Yes, and you've got three routes. Microsoft 365 Copilot runs inside Excel to summarize tables, suggest formulas, and build charts. You can also drop an Excel file into a chat tool like ChatGPT or Claude and just ask. Or you can hand your spreadsheet to a dedicated AI data analytics tool that saves it as a dataset and answers your questions for you. Pick the one that matches how often you'll come back to the file.
How do I analyze data in Excel with AI without formulas?
You skip the formula and say what you're after. In Copilot, or after uploading the file to an AI data tool, type something like "total revenue by month in 2025." The AI figures out the math, runs it, and hands back a number, table, or chart. No SUMIFS, no pivot tables.
What is the best AI for Excel data analysis?
There isn't one winner. For quick edits inside a single workbook, Copilot is the most tightly integrated. For a deep dig into one file, ChatGPT Advanced Data Analysis or Claude are hard to beat. And when a whole team leans on the same spreadsheets and needs repeatable reports with automatic refresh, something purpose-built like Quiriz earns its keep.

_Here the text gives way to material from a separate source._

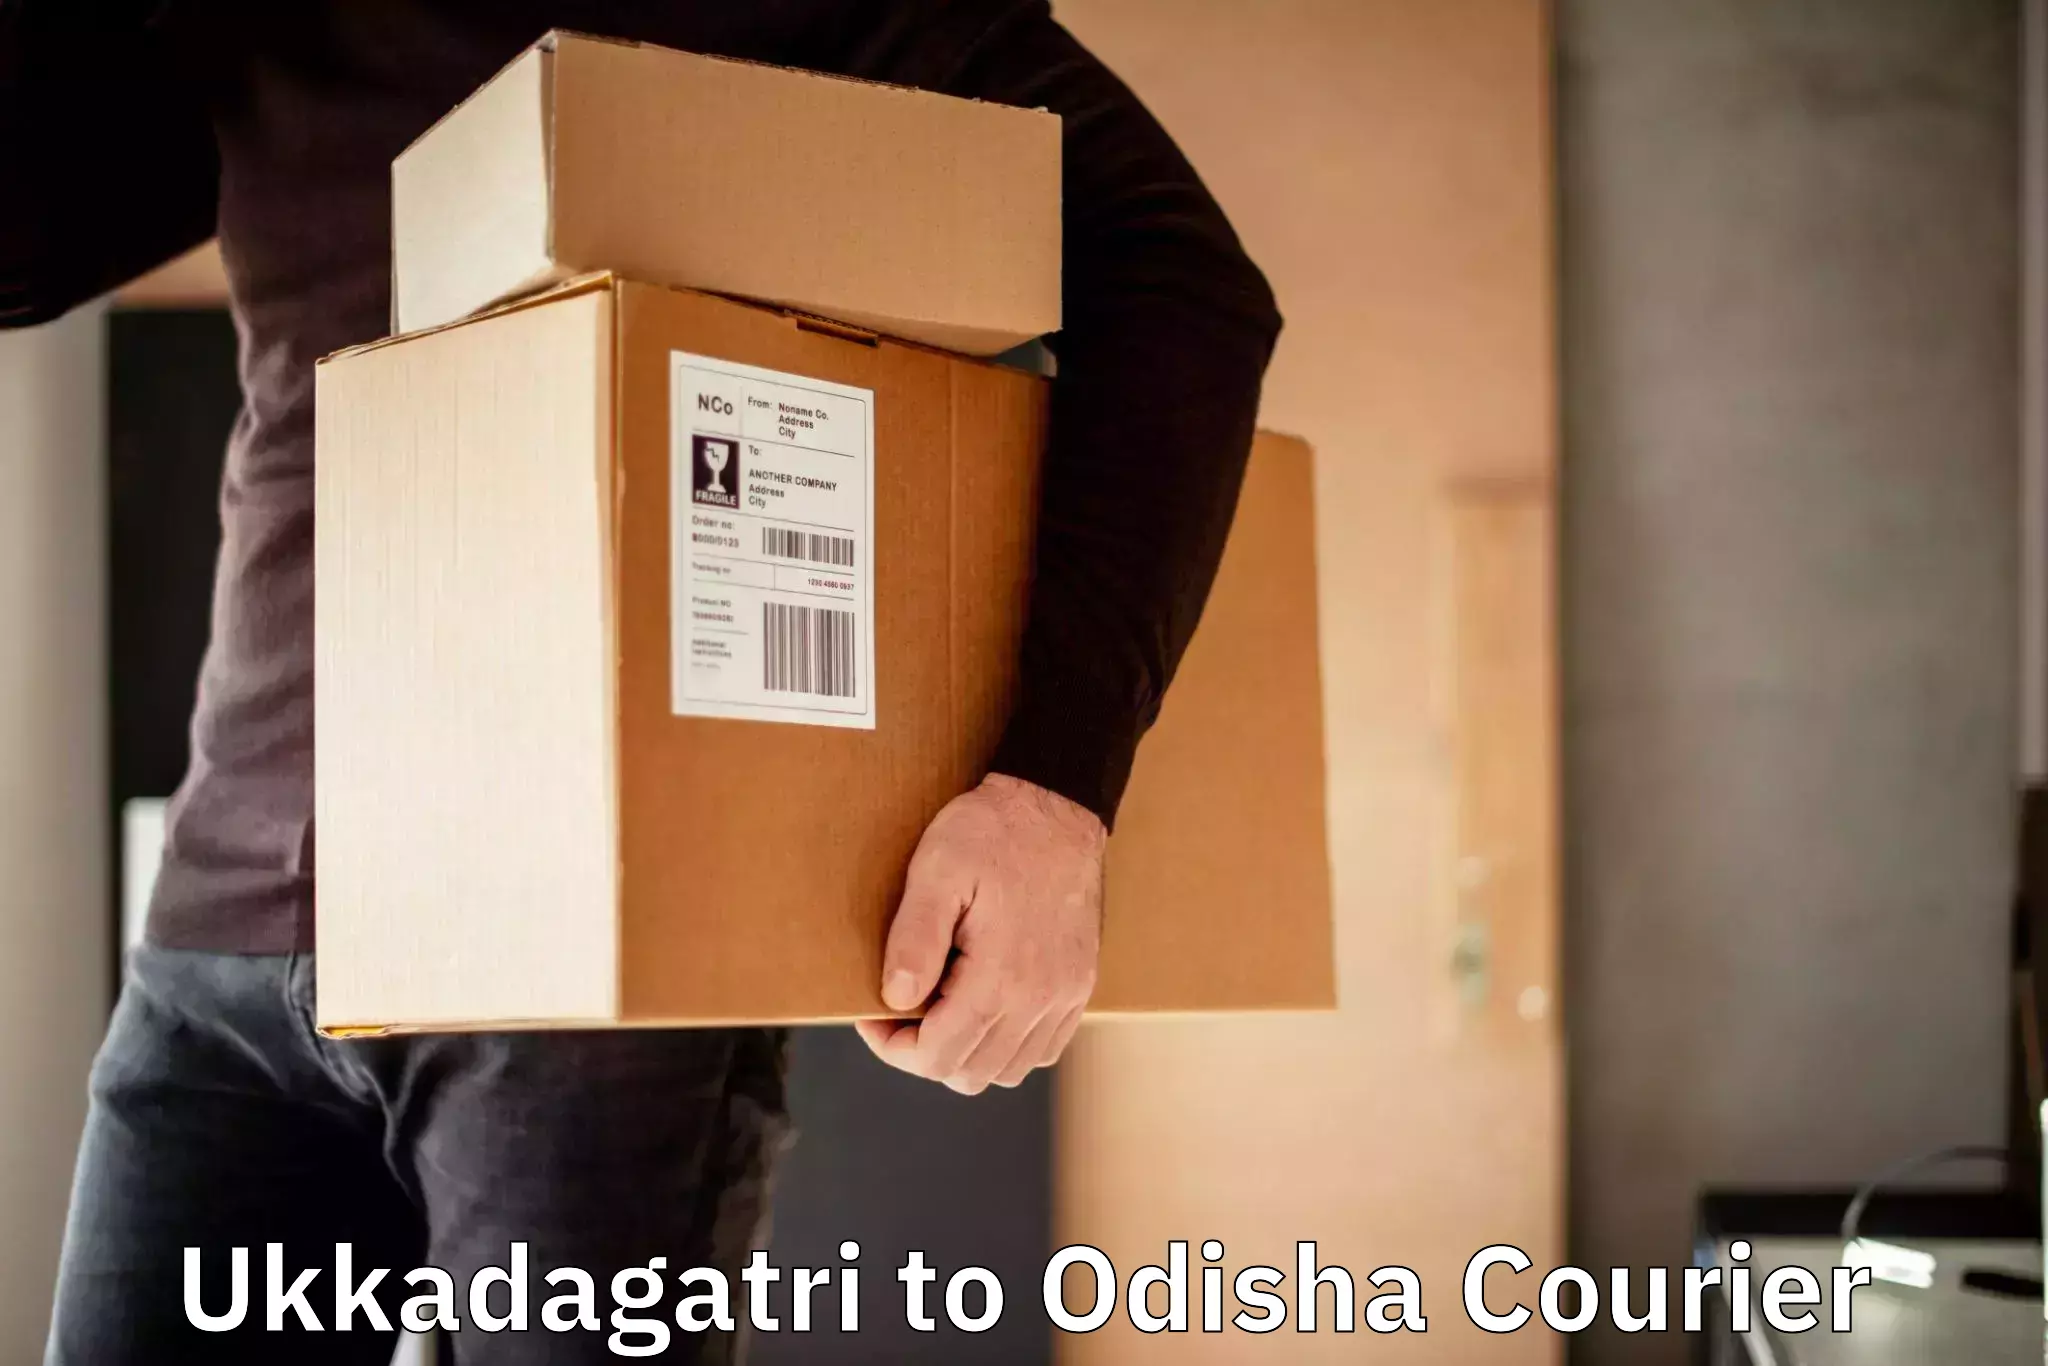 Premium courier services Ukkadagatri to Balasore

Match the tool to the job in front of you.
Is AI in Excel free?
Not entirely. Copilot in Excel is a paid add-on that sits on top of a Microsoft 365 subscription. If you want free, ChatGPT's free tier handles light file analysis, and dedicated tools like Quiriz have free tiers too. In short, you can analyze Excel data with AI at no cost within some usage caps, then pay once you need higher limits or team features.

Pricing referenced is as published by each vendor as of July 2026 and changes often, so confirm current figures on each provider's site.